In this post, I’m going to detail how Content and Experience Cloud meets each of these challenges, describing some of the features available. I’ll also give an overview of some of the custom development efforts I’ve achieved in the past few weeks, and what kind of enterprise applications could be developed using similar approaches.

Solving the Problems with Traditional Content Management Systems – Including Oracle WebCenter.

User Experience – Low user adoption and poor user experience have been major challenges facing legacy content management systems. Oracle Content & Experience Cloud aims to remedy some of these problems in a number of ways.

  • Mobile, tablet, and desktop access:
    • Oracle adopted a mobile-forward design pattern for CEC interfaces to adjust for devices that can be used anywhere.
    • View, edit, and manage files from any of these devices with the applications Oracle has provided. All desktop and mobile application downloads can be found together on the “Download Apps” page of your CEC service interface, while mobile apps can also be found on both major mobile app markets (Android App and iPhone App).
  • Share files or folders simply, with the ability to assign access levels to limit what can be done to the content.
  • Conversations can be started about folders, files, or a separate topic altogether.
    • Annotations can be made on specific parts of a document.
    • Documents can be attached to conversations.
    • Conversations can be accessed from the web, desktop, and mobile apps.
  • Integrations exist out of the box with programs like Microsoft Word and Excel for syncing documents or spreadsheets to the cloud. A UI overlay will appear on the program, visually confirming the document as it syncs to the cloud, and expands to provide users actions like viewing content access history and versions, starting or viewing the document’s conversation, or sharing the document with other members or with anyone by generating public links. Additional actions will also exist in the file menus, allowing users to manage nearly everything about their documents without needing to leave the editor.

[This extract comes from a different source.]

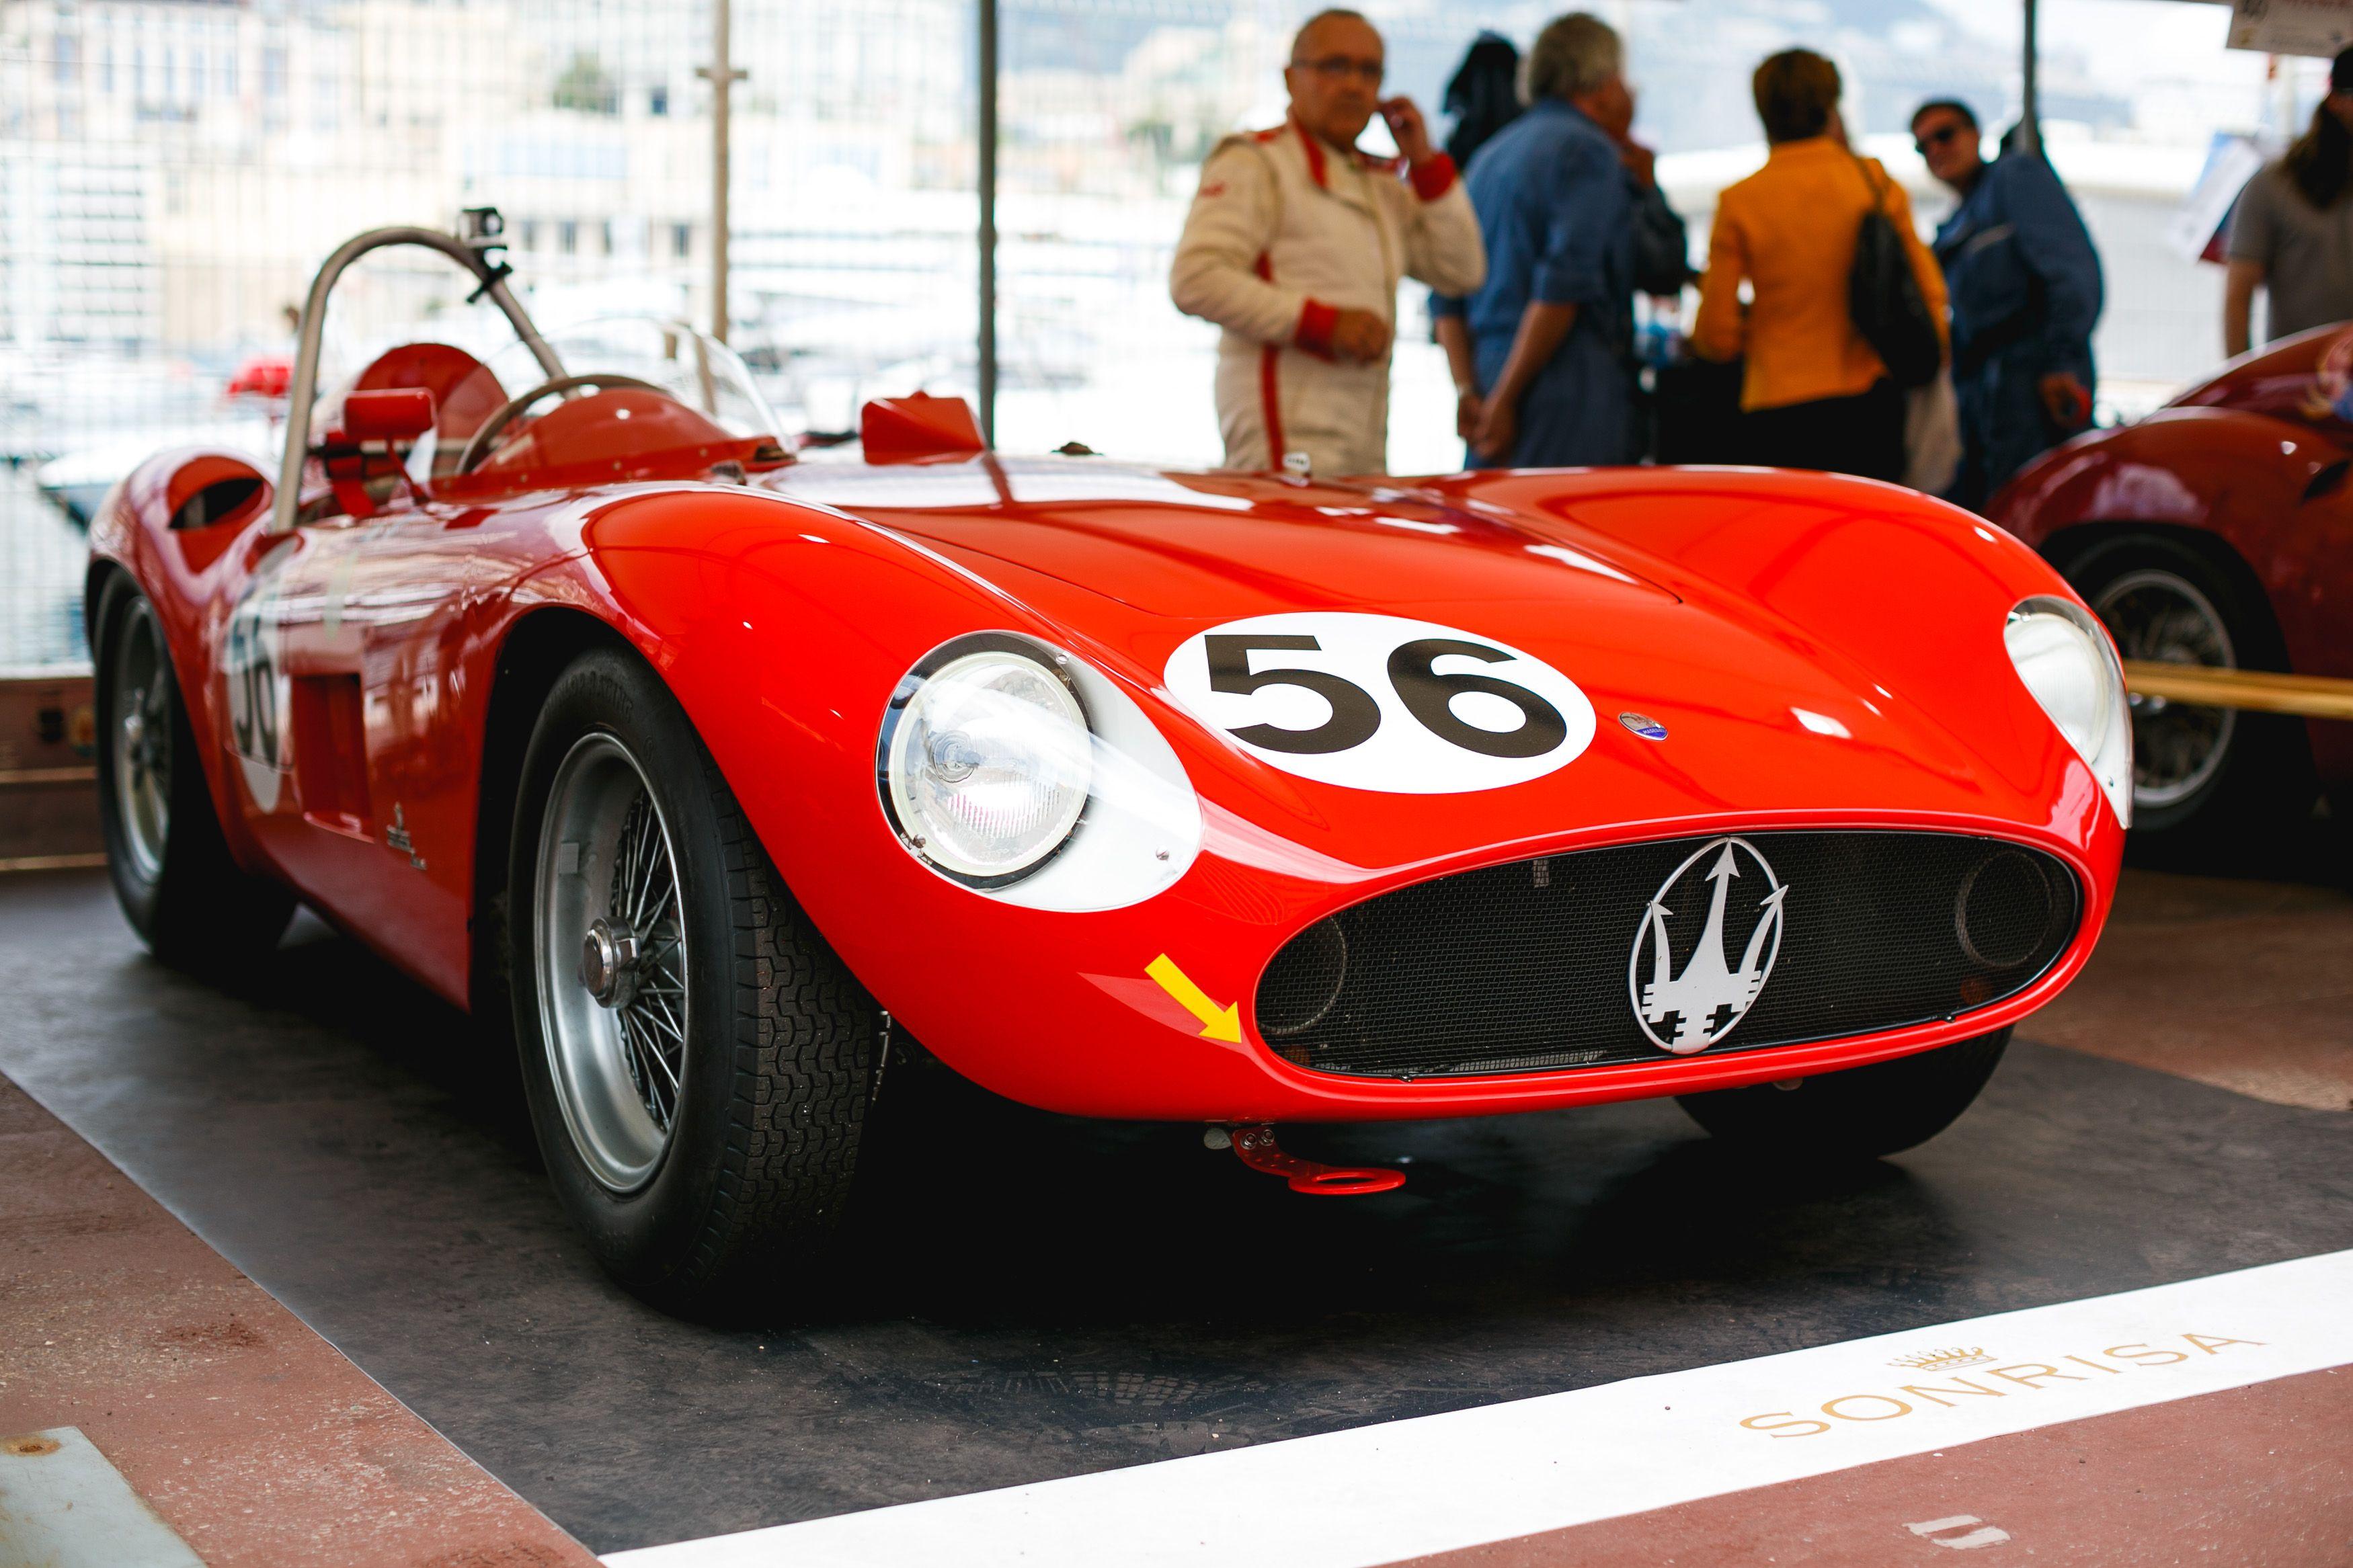 1561504_Grand_Prix_Maserati_300S_2

Security – A concern of many businesses considering cloud content management is the safety of their files. Oracle secures files through a multi-layered approach.

  • Access to the CEC service requires a username and password managed by a service administrator.
  • Files are encrypted through SSL while in storage and transit to the cloud.
  • Content owners have access control to the content and folders, which can be customized for different tiers of access. Users who are given access to a file in a folder will not have access to the other files that exist within the folder.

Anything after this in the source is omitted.